Why the Smart Valve was developed. Damage to fluid systems aboard ships and in other types of facilities impedes damage control efforts, allowing damage to spread and increasing the number of people involved in damage control. The USS STARK experience is representative of Fleet performance today: it took 29 minutes to restore firemain pressure after the missile hit; in the meantime, firefighting could not be conducted and the fire spread. Other problems also result from damage to other types of fluid system. In addition, restoring damaged fluid systems is manpower intensive. Consequently, improving the capability to isolate fluid systems damage is an essential first step to conducting effective damage control with fewer people. Since the valves must function after damage, survivability is an essential requirement. Conventional leak detection technologies are not highly survivable because they depend upon communications among separate points in the fluid system. The Navy and other industries need an isolation valve that does not depend on such communications.

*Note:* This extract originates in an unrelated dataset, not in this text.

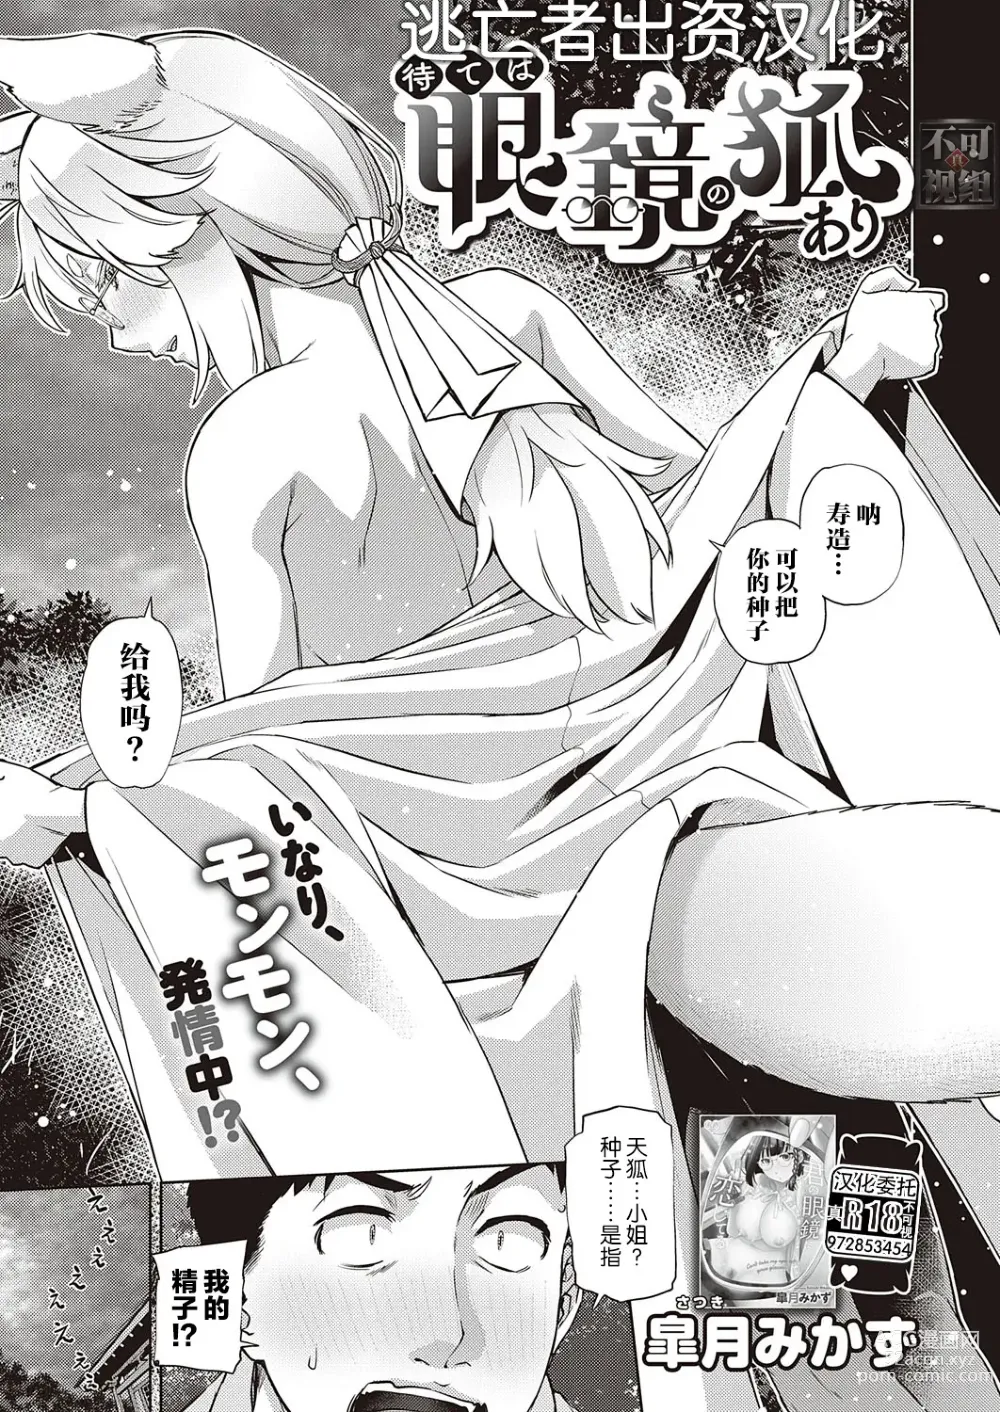 Page 1 of manga Mate ba Megane no Kitsune ari

Actual Smart Valve Sensor Data

How the Smart Valve works. The microprocessor continually monitors the valve inlet and outlet pressures and calculates flow rate and direction based on differential pressure. Pressure below a defined set point combined with flow above a defined set point indicate that a rupture (or large leak) has occurred. Using innovative decision tables based on the relative locations of smart valves and pumps, the microprocessor determines if the valve is closest to the rupture. The valves closest to the rupture close first, while the upstream valves wait for a valve downstream to close and restore pressure. If an upstream valve does not sense pressure restored after a predetermined time delay, the upstream valve then closes to restore the system. Laboratory and shipboard testing have demonstrated that the logic is inherently robust and can be applied to a wide variety of valves and actuators in a wide variety of fluid systems. A patent application has been filed for this novel rupture detection and isolation logic.

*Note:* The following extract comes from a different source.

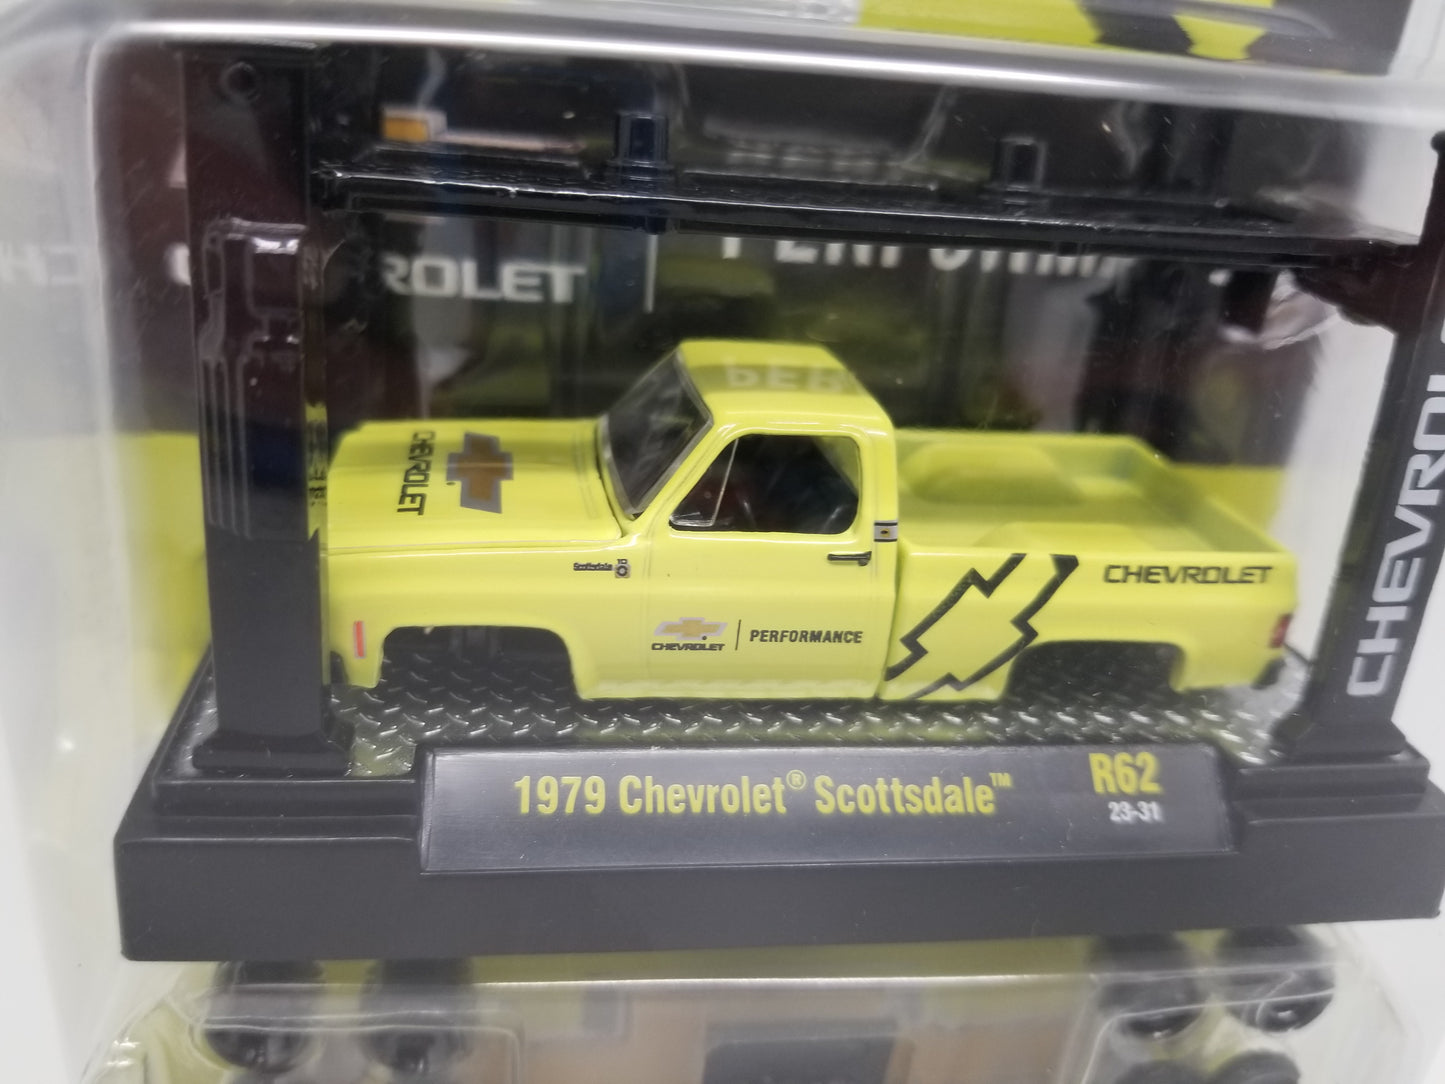 M2 1979 Chevrolet Scottsdale Truck Model Kit

Benefits of the Navy Smart Valve.
The "device level logic" that requires only data from the valve itself to make the control decision provides several benefits, including:

• Highly survivable.
• Very robust ­ the next valve upstream inherently will operate if the first valve fails; more complex logic is not needed to achieve gradual system degradation as components fail or are damaged.
• "Open" architecture ­ the control logic is highly modular and clearly defined with a simple interface to the rest of the system.

Potential Navy and Commercial applications.
The Navy smart valve would benefit existing and new Navy ships in systems such as the firemain and chilled water systems. Commercial applications in the petrochemical and offshore industries are being pursued by both MPR (the developer of the control logic) and TYCO Flow Control (the developer of the valve hardware).

Acknowledgement. MPR developed the Smart Valve as part of the U.S. Navy's Damage Control Automation for Reduced Manning Program conducted by the Navy Research Laboratory.